4. On the other hand, rejoicing in the conviction or in the certainty that one's own "name is written in heaven," leads one to review all that is most desirable to review.

(Philip C. Barker, M. A.)

"Your names are written in heaven."

1. How it is to be understood.

2. How desirable it is.

3. How alone it is to be obtained.

(Van Oosterzee.)

1. Its only ground.

2. Its all-surpassing worth.

(Van Oosterzee.)

Heaven is here compared to a city or corporation, in which a list or record is kept of all the citizens or freemen who are entitled to its privileges and immunities. "How may I know whether my unworthy name be written in heaven? who can open and read the records of heaven, and show me whether my name is registered there?" I answer, This is a secret that may be discovered; for all that have their names written in heaven, may be distinguished by their characters, their temper, and practice, while upon earth. And their characters are such as these:

1. They are deeply sensible of the vanity of all earthly things, and that heaven alone is a sufficient portion and happiness. All that are registered as citizens of the heavenly Jerusalem, have a superlative esteem of that privilege, and count all things but loss in comparison of it (Matthew 12:24-26; Matthew 13:45, 46).
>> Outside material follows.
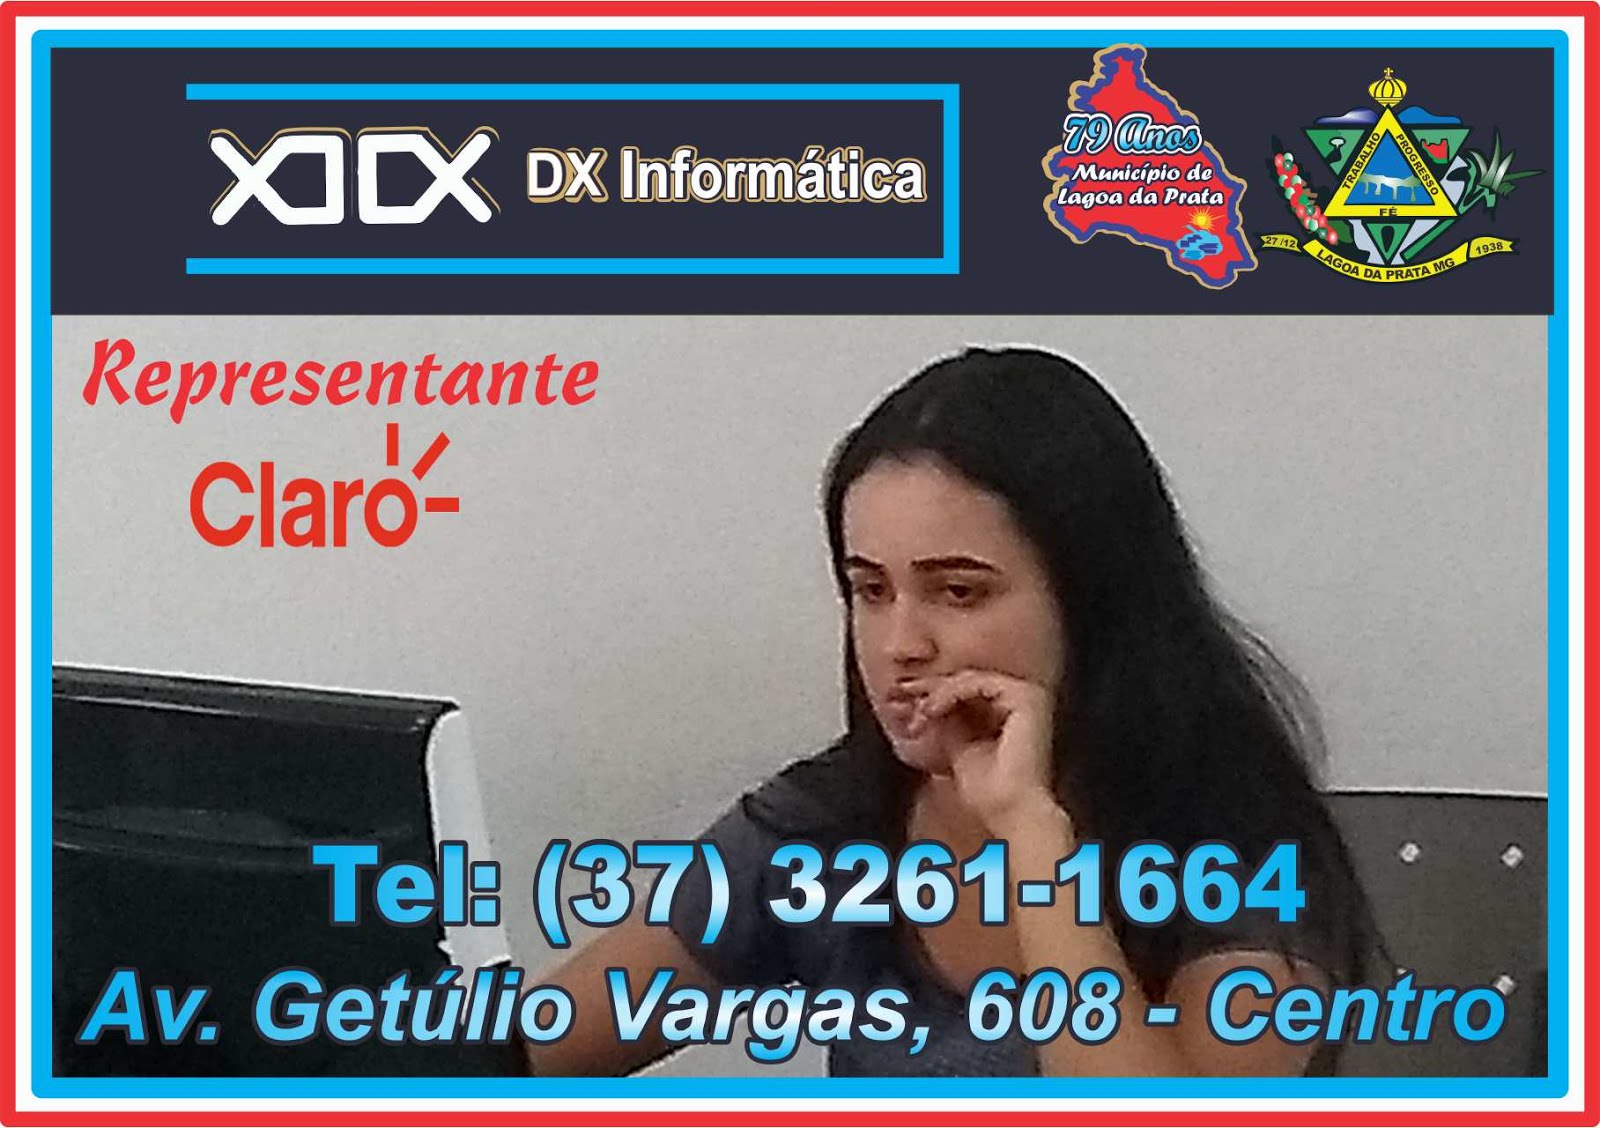 DX  Informática - Tel: (37) 3261-1664 / 3261-1080  ***

2. All that have their names written in heaven have a heavenly nature; a nature very different from that of the men of this world, and like that of the citizens of heaven. And is this your temper? or is it earthly and sensual?
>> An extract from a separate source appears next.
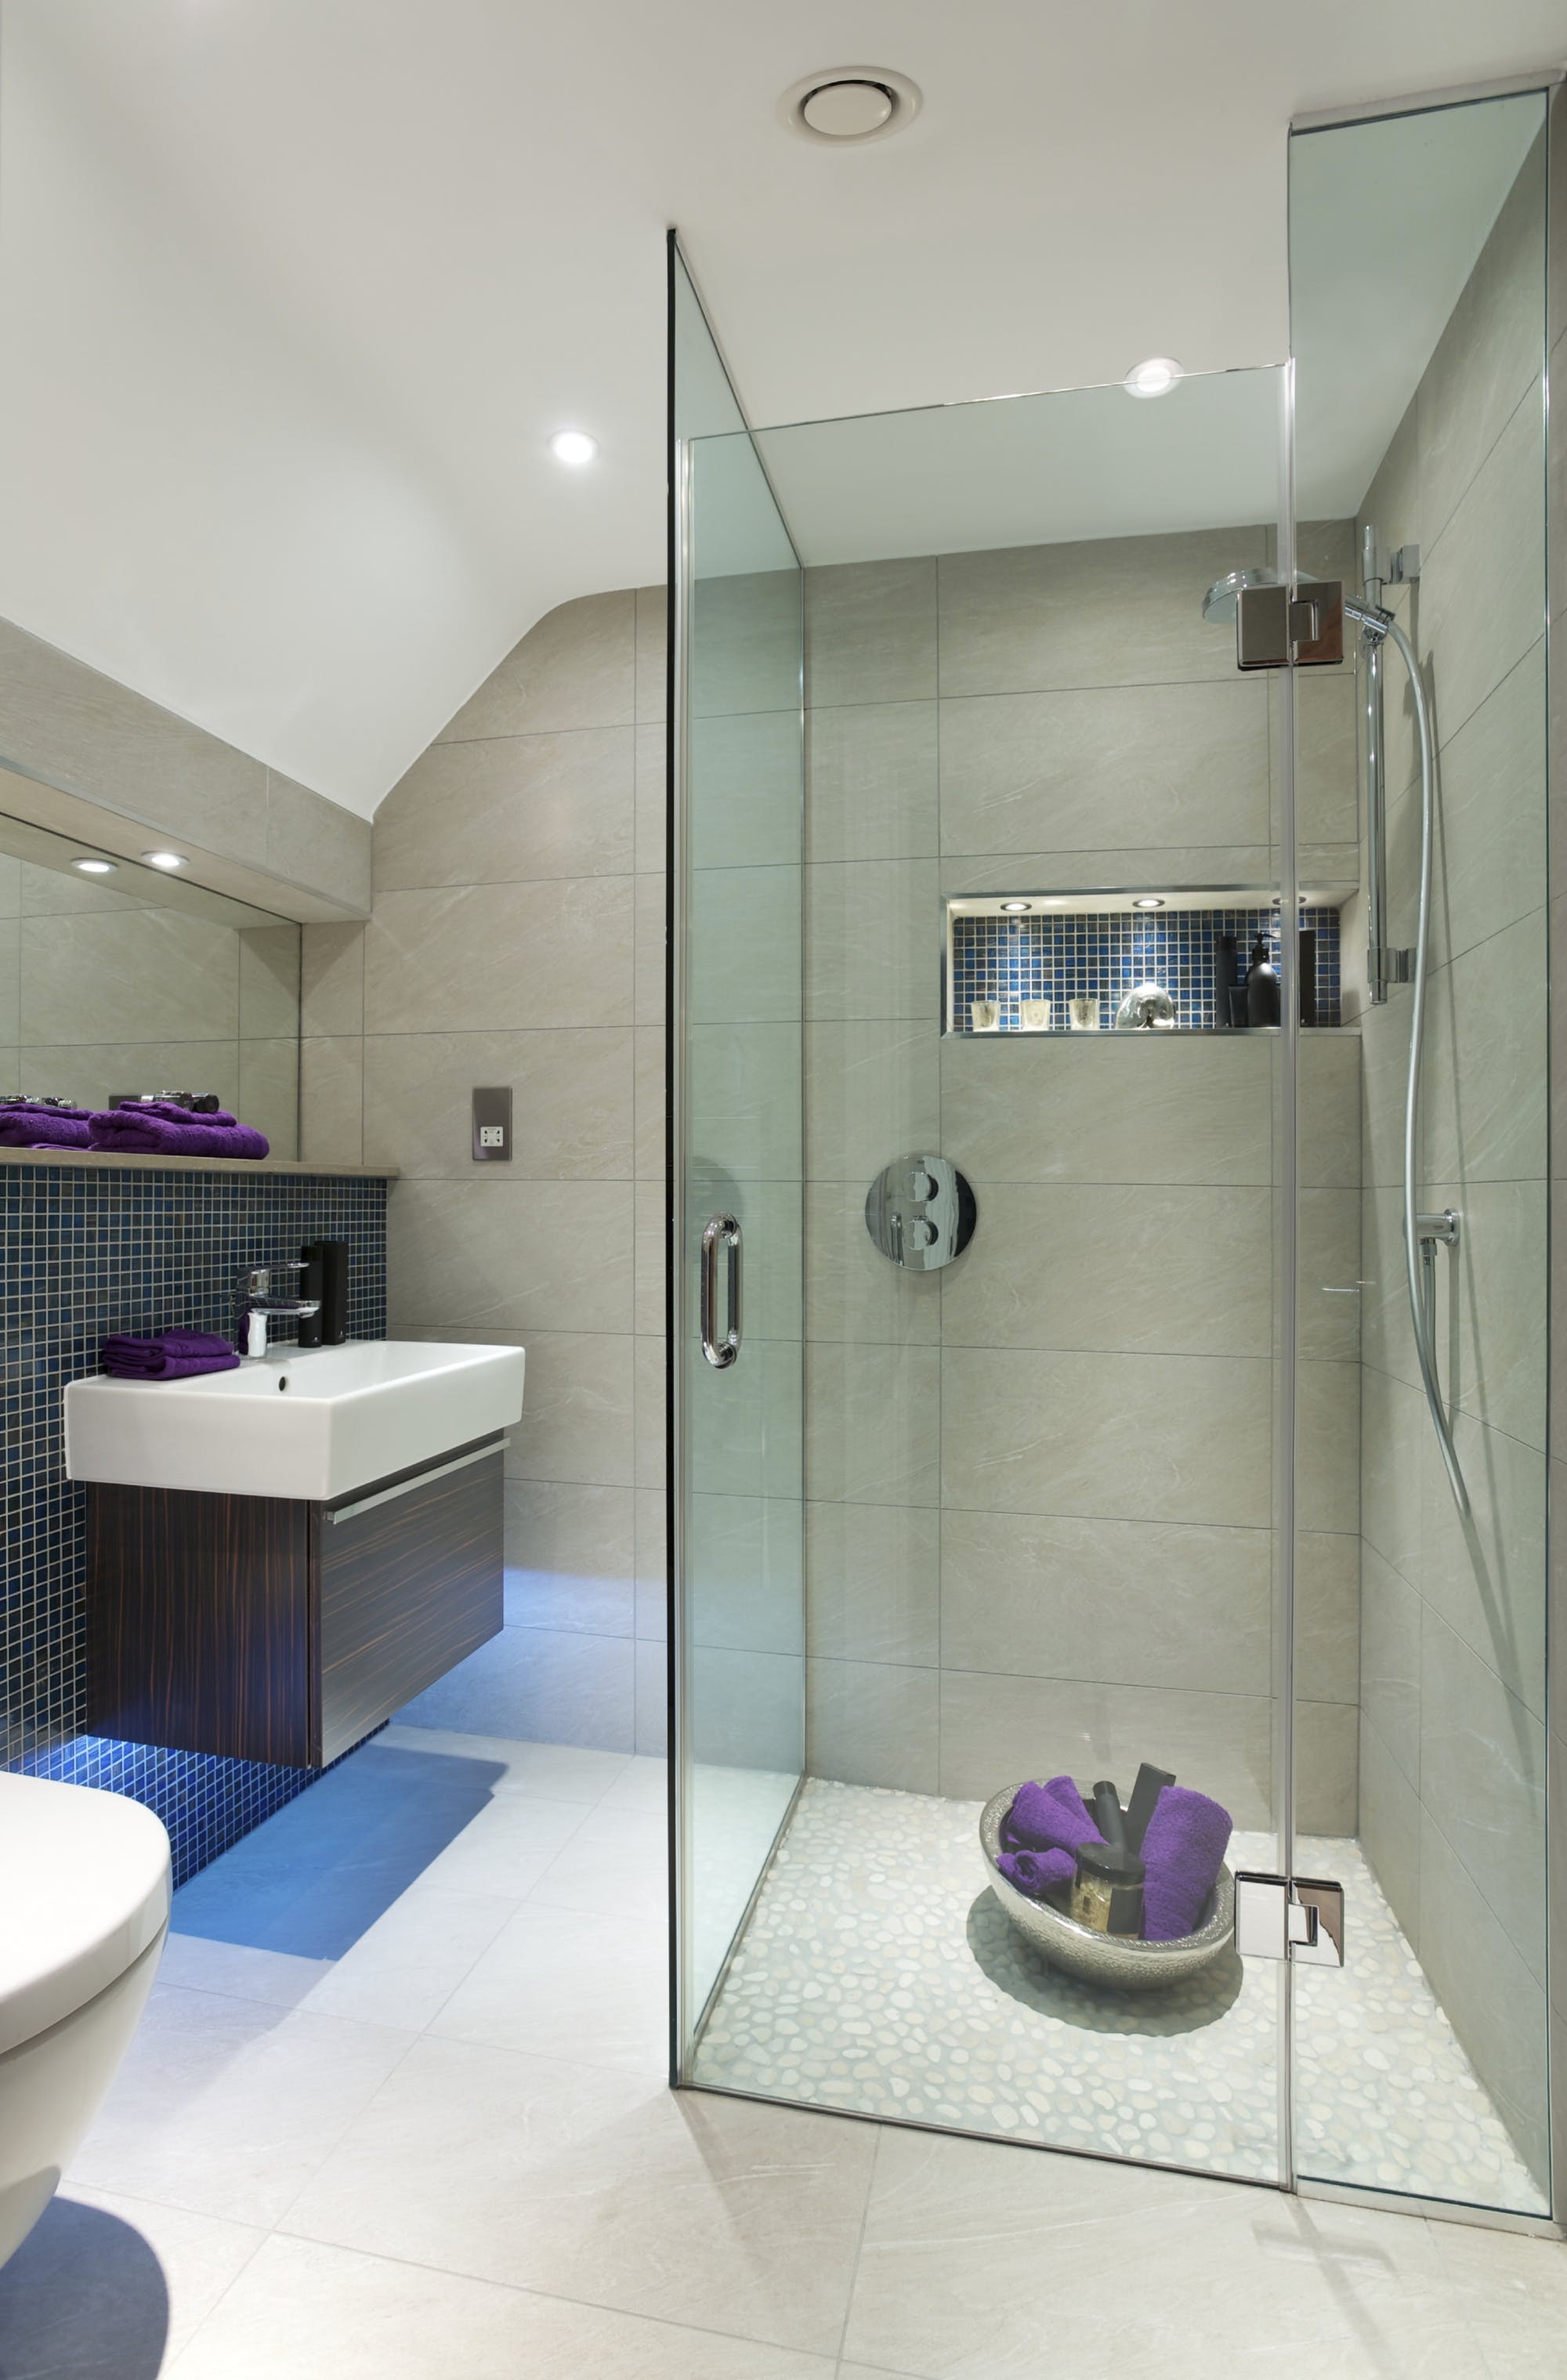 En-suite Bathroom Ideas | More Bathrooms

3. All that have their names written in heaven have a peculiar love for all their fellow-citizens, who are heirs of heaven. They love them as members of the same corporation with themselves (1 John 3:14).
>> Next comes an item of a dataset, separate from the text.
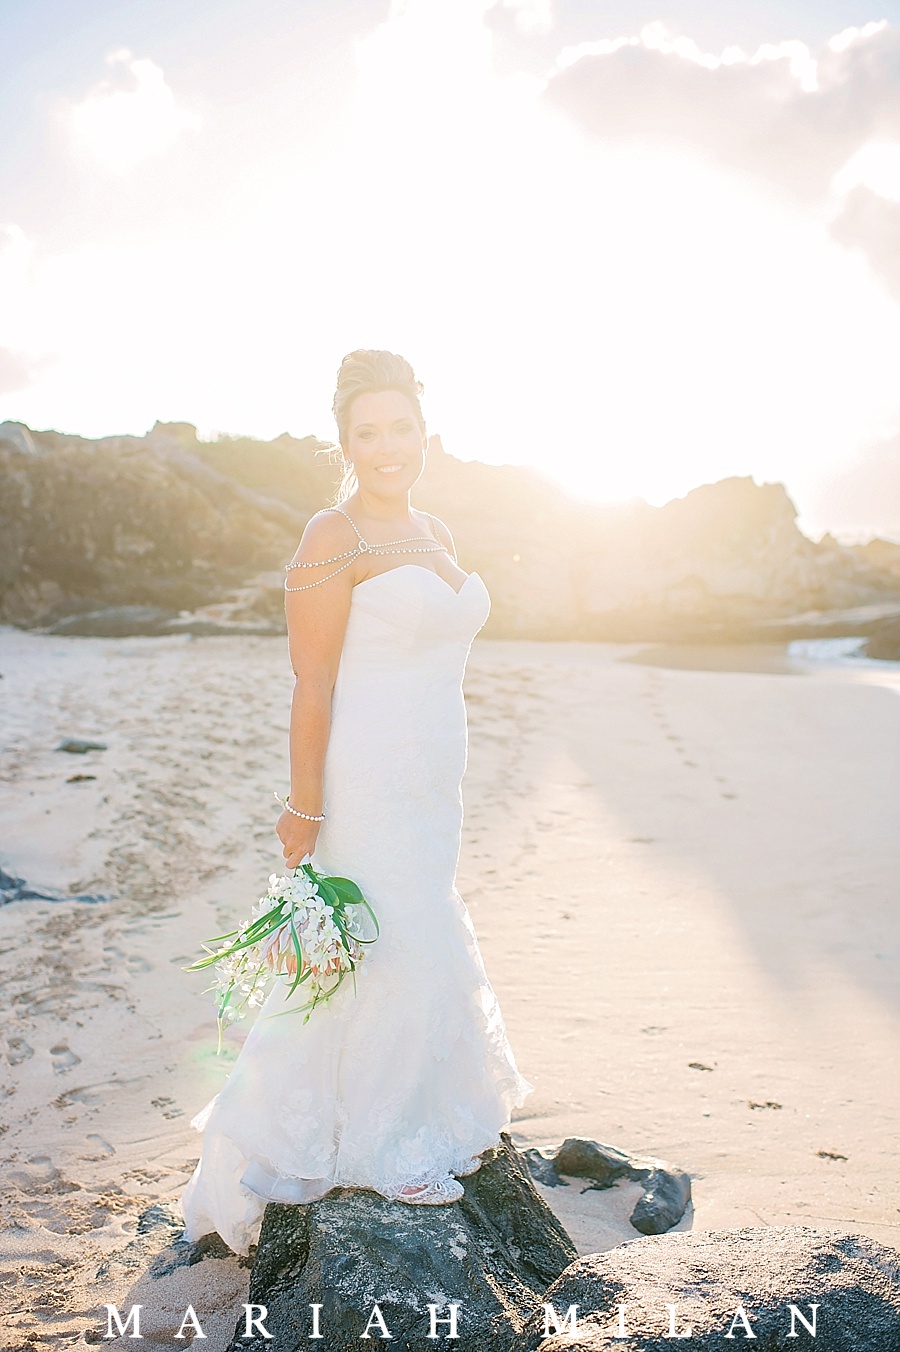 Maui Wedding Photography at Ironwood Beach by Mariah Milan

4. If your names are written in heaven it is the chief business and concern of your life to obtain an interest in heaven. And do you thus seek the kingdom of heaven? (Matthew 10:12; Luke 16:16).

I. If your names are written in heaven, this is the greatest cause of joy you can possibly have; a joy that may swallow up every other joy.

II. If your names are not written in heaven, you can have no cause of solid, rational, and lasting joy in any thing.

(President Davies.)

This opinion is not believed by thee, but is only pretended, as a cloak for thy wickedness and idleness; for if thou dost believe that, if God hath elected, He will save thee however thou livest, why are not thy practices answerable to such principles? Why dost thou net leave thy ground unsowed, and thy calling unfollowed, and say, If God hath decreed me a crop of corn, I shall have it, whether I sow my ground or no; and if God hath decreed me an estate, I shall have it, though I never mind my calling? Why dost thou not neglect and refuse eating, and drinking, and sleeping, and say, If God hath decreed that I shall live longer, I shall do it, though I never eat, or drink, or sleep? For God hath decreed these things concerning thy ground, estate, and natural life, as well as concerning thine eternal condition in the other world.

(G. Swinnock.)

— A senator related to his son the account of the book containing the names of illustrious members of the commonwealth. The son desired to see the outside. It was glorious to look upon. "Oh, let me open it," said the son. "Nay," said the father: "it's known only to the council." Then said the son, "Tell me if my name is there?" And that, said the father, "is a secret known only to the council, and it cannot be divulged." Then he desired to know for what achievements the names were inscribed in that book. So the father told him; and related .to him the achievements and noble deeds by which they had eternized their names. "Such," said he, "are written, and none but such are written in the book." "And will my name be there?" said the son." "I cannot tell thee," said the father; "if thy deeds are like theirs, thou shalt be written in the book; if not, thou shalt not be written." And then the son consulted with himself; and he found that his whole deeds were playing, and singing, and drinking, and amusing himself, and he found this was not noble nor temperate nor valiant. And as he could not read, as yet, his name, he determined to "make his calling and election sure." And thus, by patient continuance in well-doing, the end is crowned with glory, honour, immortality, and eternal life.